*** Opening Provided records ***
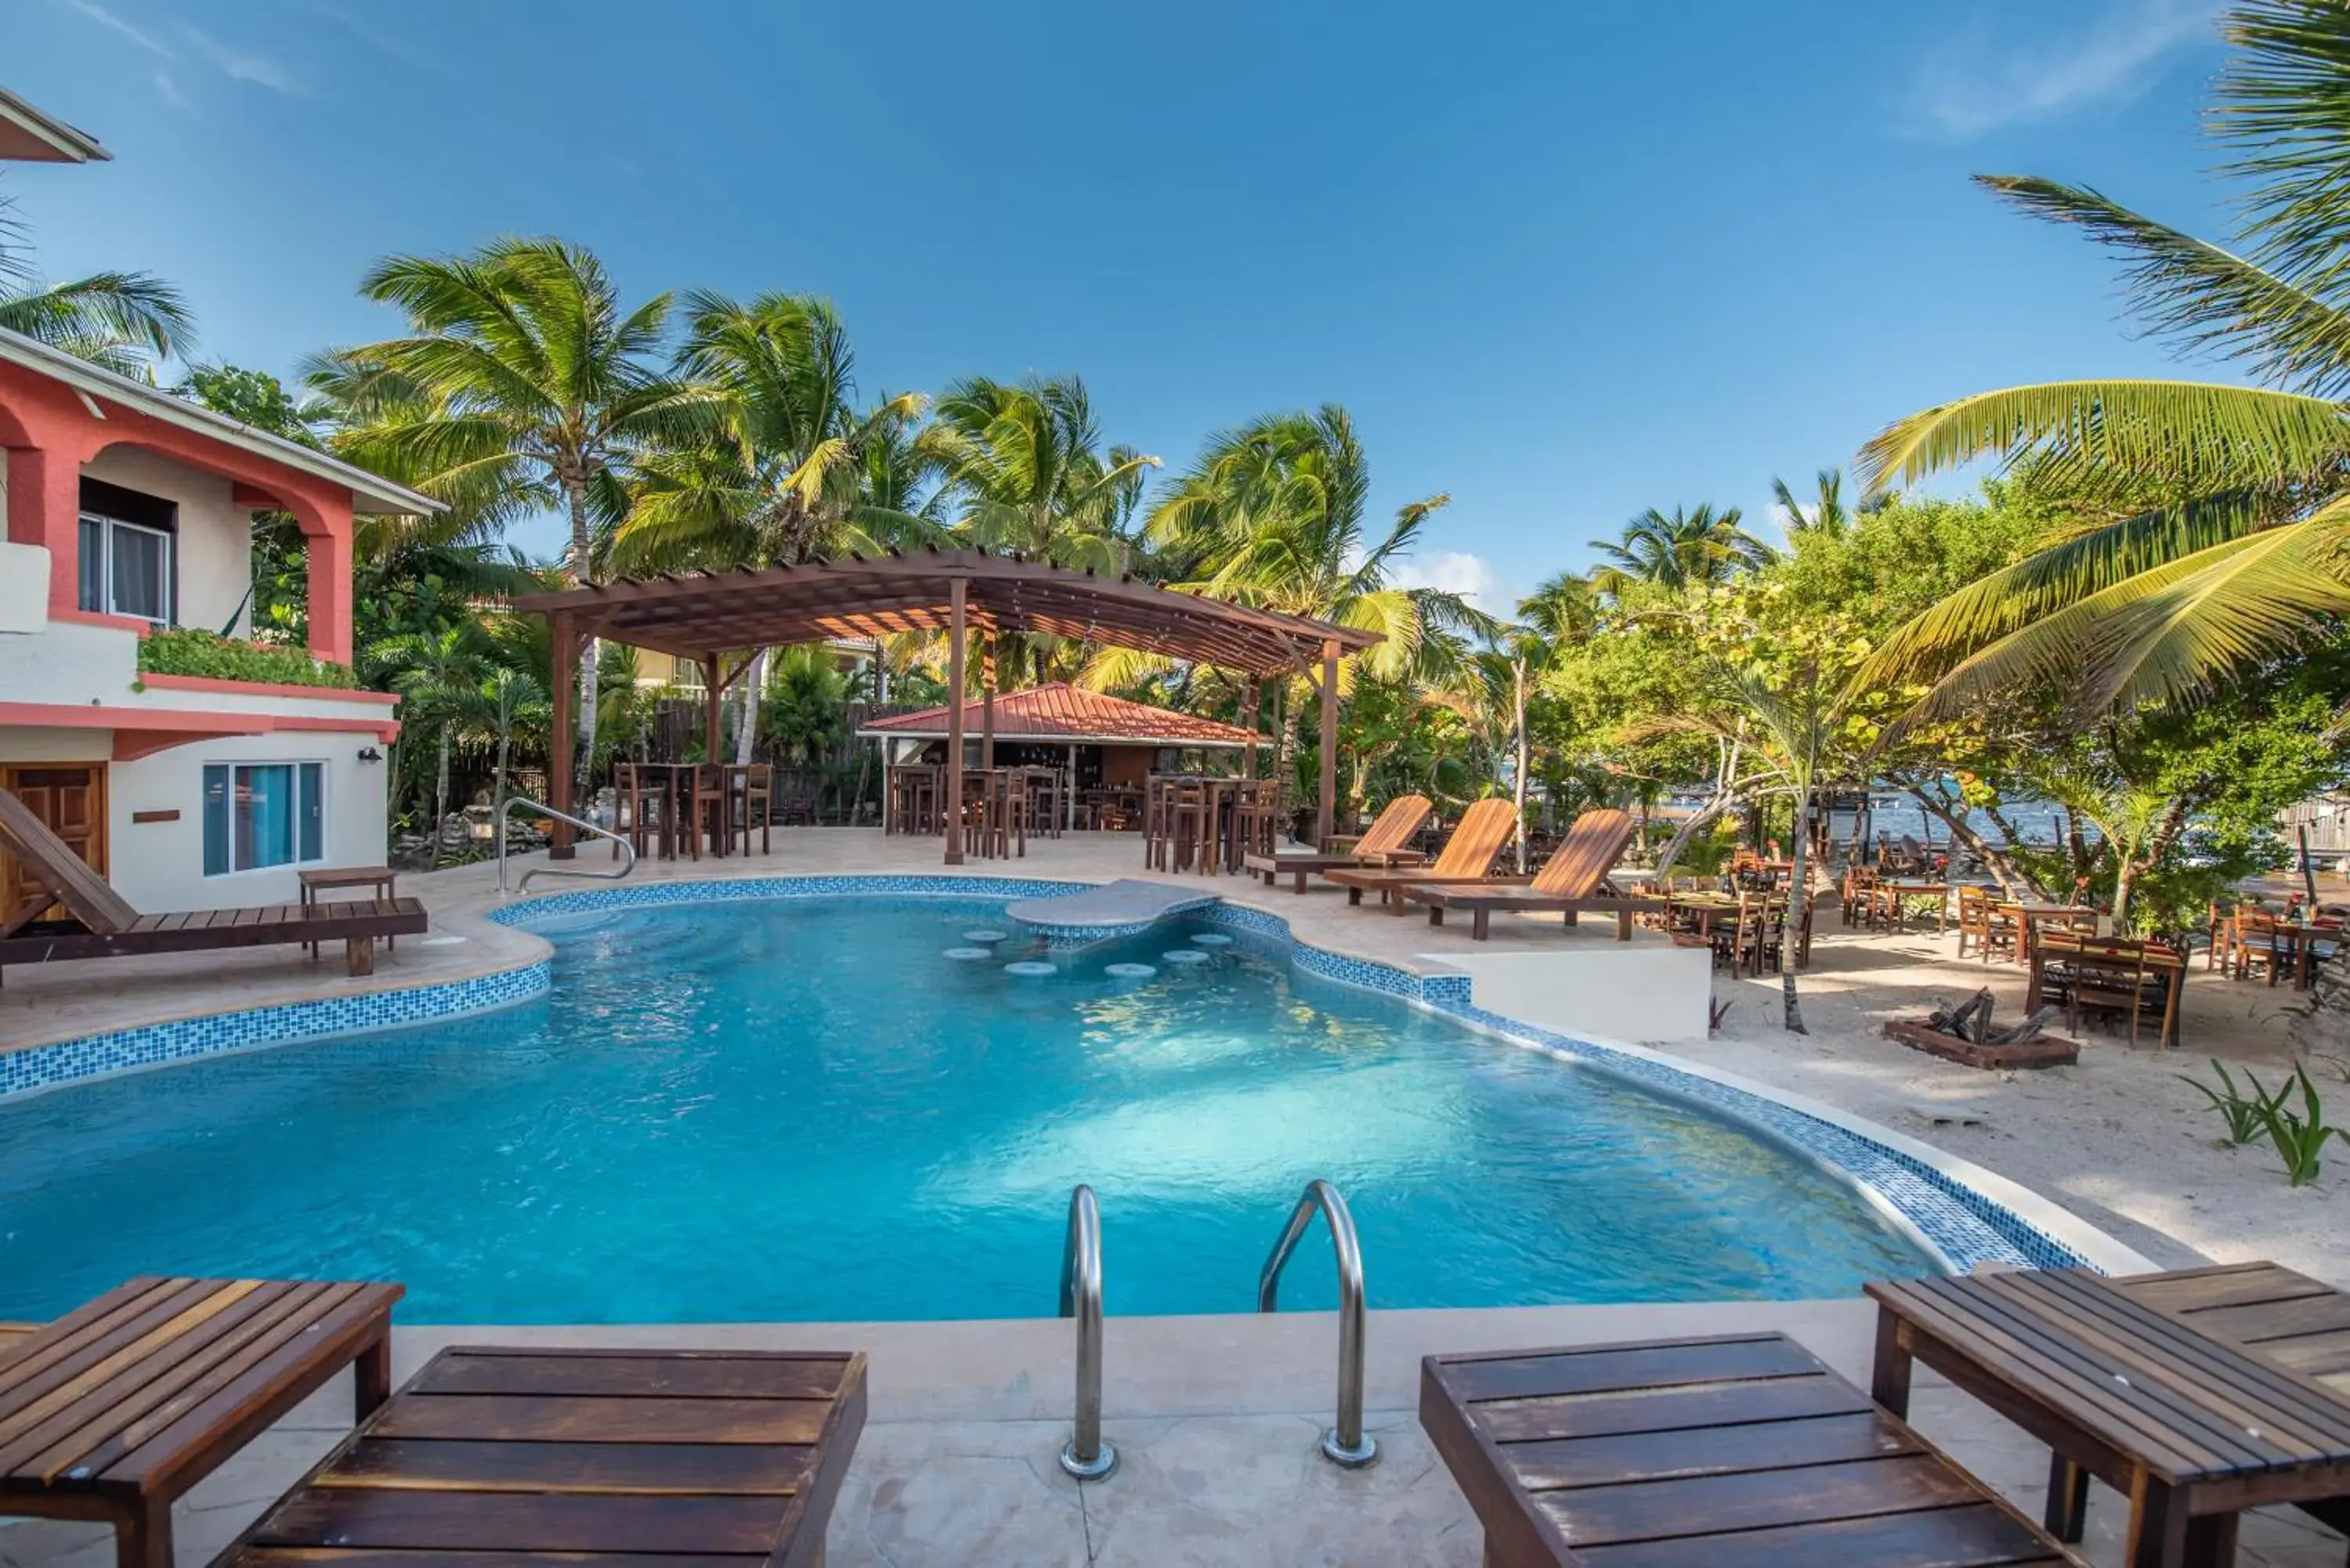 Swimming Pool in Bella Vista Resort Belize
*** Closing Provided records ***
*** Opening Provided records ***
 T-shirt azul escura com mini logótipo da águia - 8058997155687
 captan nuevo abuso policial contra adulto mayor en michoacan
*** Closing Provided records ***
*** Opening Provided records ***
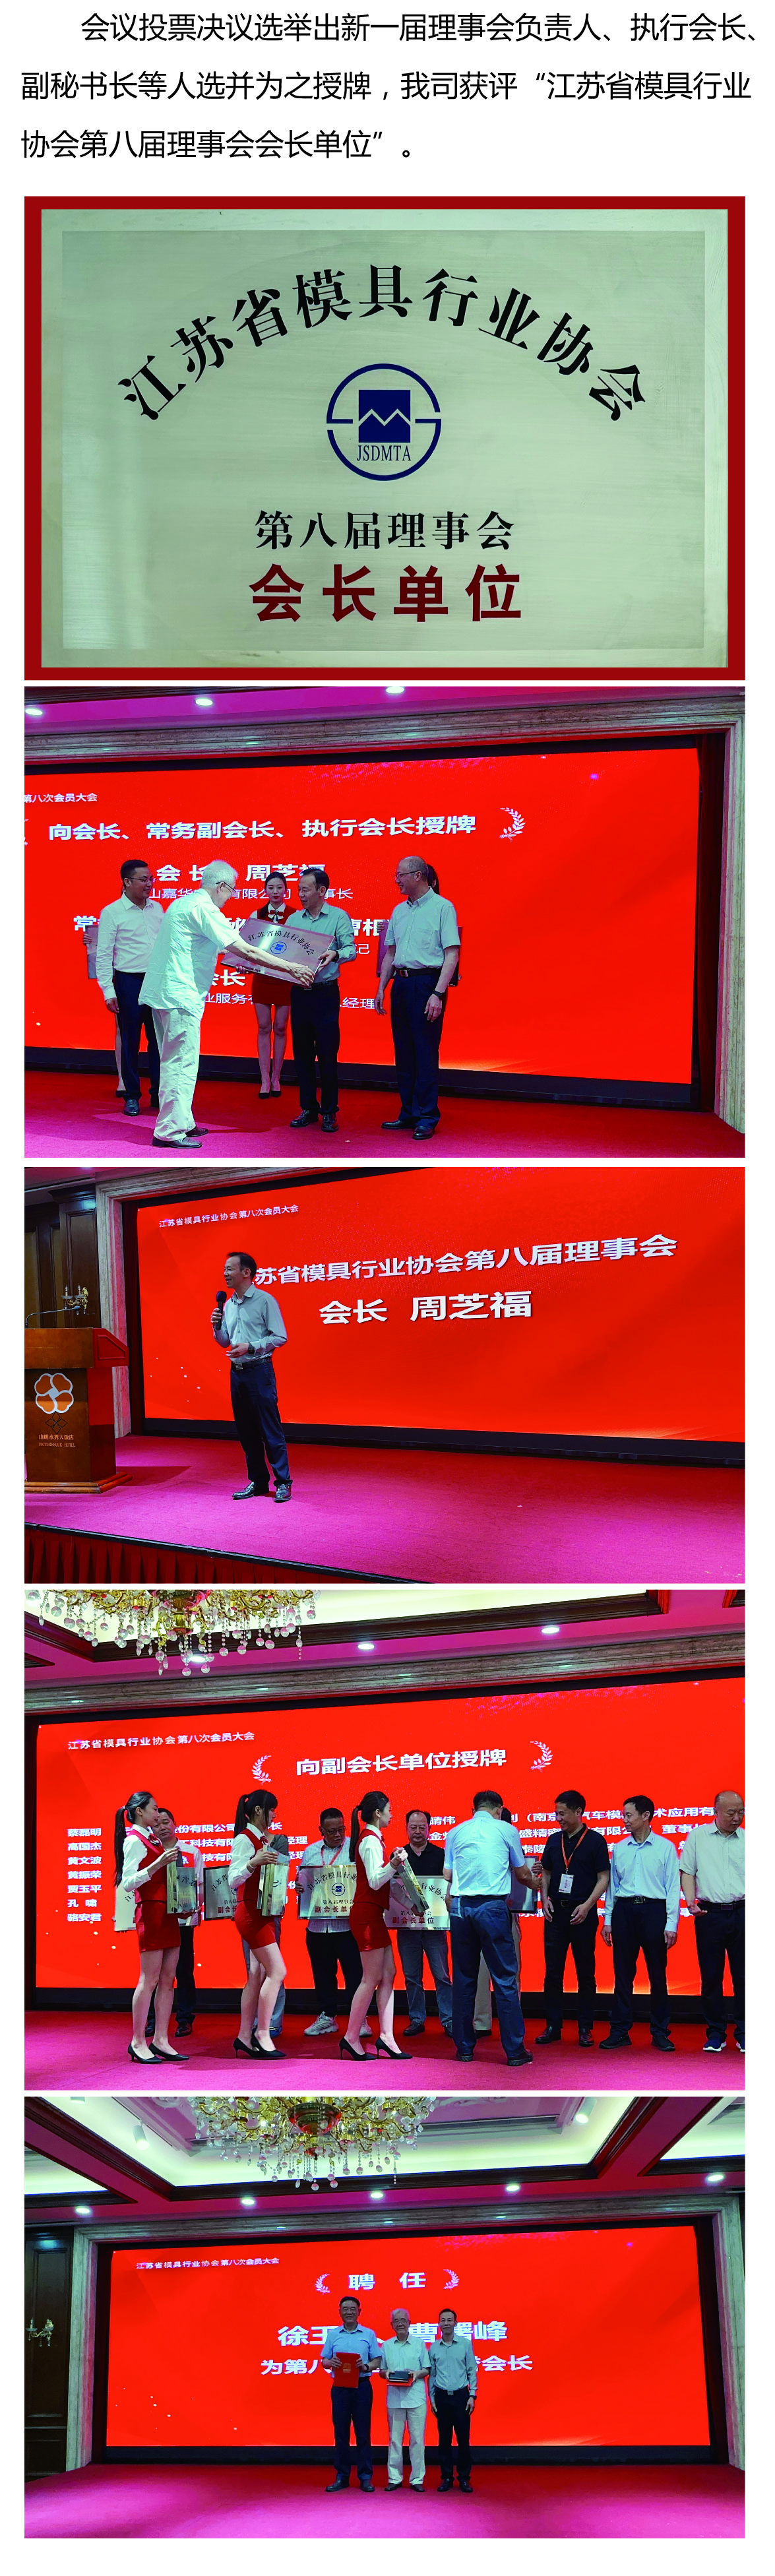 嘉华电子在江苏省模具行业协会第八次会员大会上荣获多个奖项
*** Closing Provided records ***
- Problem to solve: What are the lines, exactly as written above, from the line with "T-shirt azul escura" to the line with "captan nuevo abuso", both included? Output only those.

- Result of the task:
 T-shirt azul escura com mini logótipo da águia - 8058997155687
 captan nuevo abuso policial contra adulto mayor en michoacan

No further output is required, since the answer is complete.